Sport and Blackness
I will look at the role of sport in the
documentary “When We Were Kings”. I will consider the role of the match in this
case in uniting the black populations an ocean apart. I will also deal with the
concept of enlarged self and the sportsperson with respect to both the
contesting personalities.
The primary reason why the boxing match
was held in the Congo was economic. It could offer more money for the fight than
any other place. However, the fact that it meant an interaction between the
black Americans and Africans shed a new light on this match. As Ali says “I
live in America but Africa’s the home of the black man”. Going to Africa was a
kind of homecoming to these black people. The memory of uprooting could now be
soothed, however weakly, by the touch of home.
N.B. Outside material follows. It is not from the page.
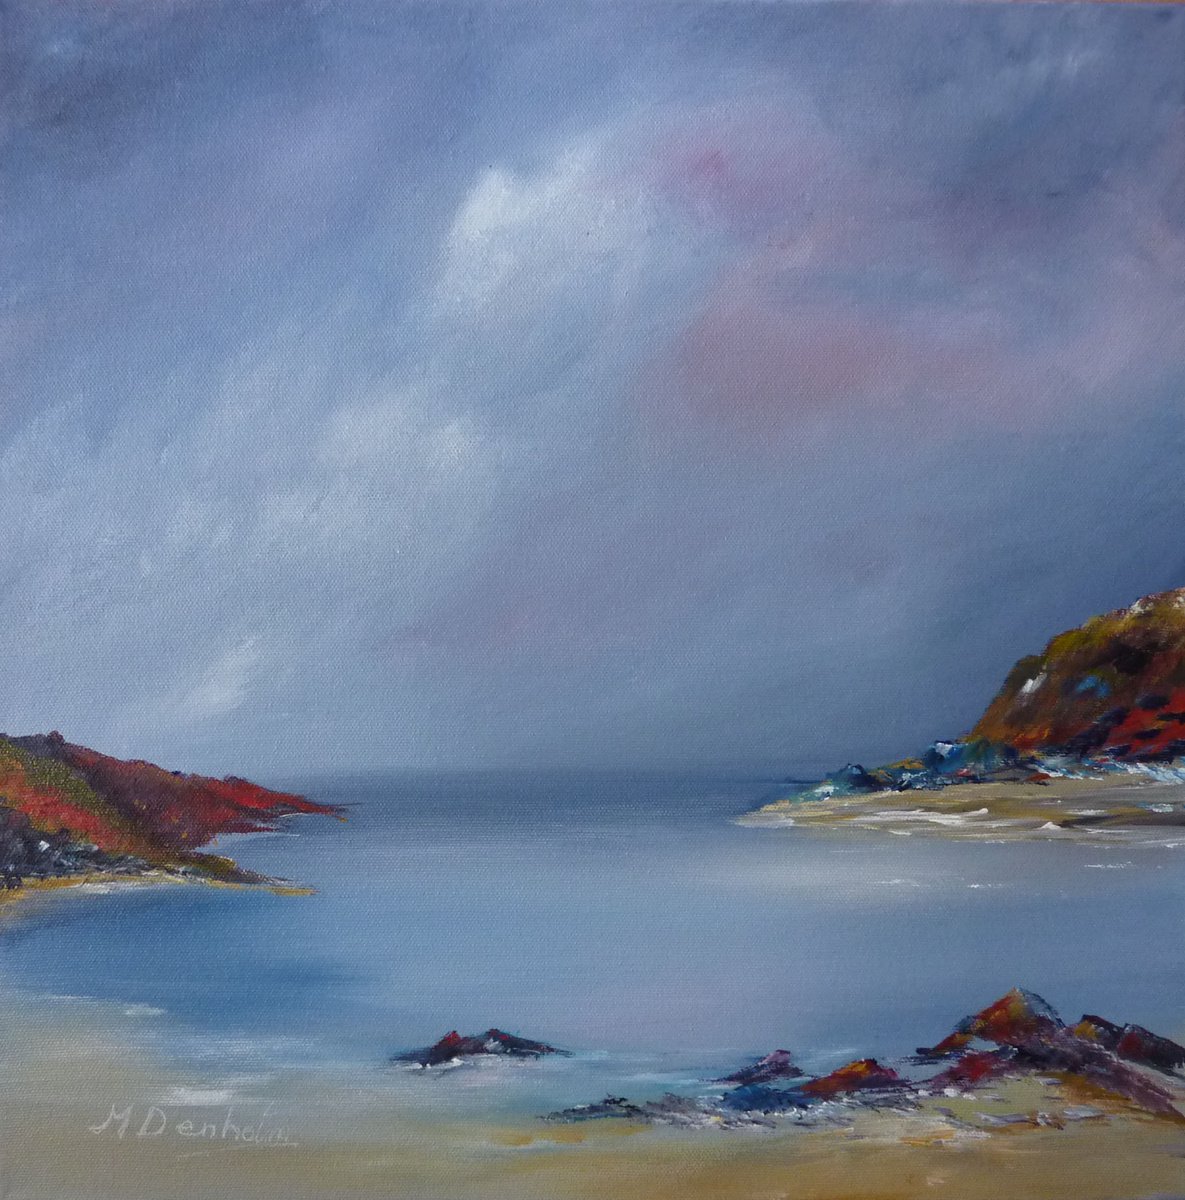 November Light, A Scottish Seascape by Margaret Denholm

Ali says at a couple of instances that the knowledge of the black people in America is of absolute importance and
bewails the ignorance of the majority of them not knowing their “African
brothers”. The fact that sports could raise so much money and publicity would make
many of them aware to a world beyond the ocean that was once theirs, and was
still theirs in spirit. It could thus broaden and strengthen their imagination
and the sense of self, and could confer a sense of “somebody-ness” in them. As someone
in the film put it, it was the meeting between the people of Africa and the American
blacks on a world level. Sport as a plane which could transcend borders was
especially pertinent in this case since a lot of black political and spiritual movements
in the United States, such as the ideas of Malcolm X and the Nation of Islam, looked
for a global unity of the black people. Plus, the fact that here at last these
people could see countrymen who were just like them, and working without any
racial barriers, gave them a sense of freedom. Ali felt it when seeing an
all-Black crew on his flight to the Congo he felt “the first free feeling I’ve
had in a long time”.
The idea of politics at home could not
be ignored, and became a part of the boxing match itself. The image of Ali as a
resistance fighter by refusing to give into the demands of the coloniser to
invade another people appealed enormously to the African people, as Malick Bowens,
an actor told the camera. As we discussed in class, sport has the ability to
generate an enlarged self. A lot of people could share in the personality of a
single person. His dark colour made the “African people” sympathise with Ali,
but that was not all. Here it was modulated by sport. Both Foreman and Ali were
black, and as someone put it, Foreman was “blacker than Ali”. Here, the
characteristic charisma of the sportsman came into play. Foreman, was viewed as
the “representative of white America”, and his unwise decision to bring his
German Shepherd brought to the Congolese people memories of their colonial
masters. Ali, on the other hand, was charismatic, “free”, and “sincere”. He
spoke openly of the problems of the black people in America, and was unabashed
of his blackness. He refused participation in the Vietnam war and was viewed as
the voice of Truth to power. It was on account of this confluence between his
individual persona and the broader ideal he was held to embody that the stadium
could ring with the chants of “Ali boomaye!” and a boxing contest could become
representative of a fight for Truth.
It can be summed up that sport being a
mode of expression which transcends the limitations of space, can at the same
time help overcome a separation from one’s own people and unify them for a
cause. The “Rumble in the Jungle” exemplified all these characteristics.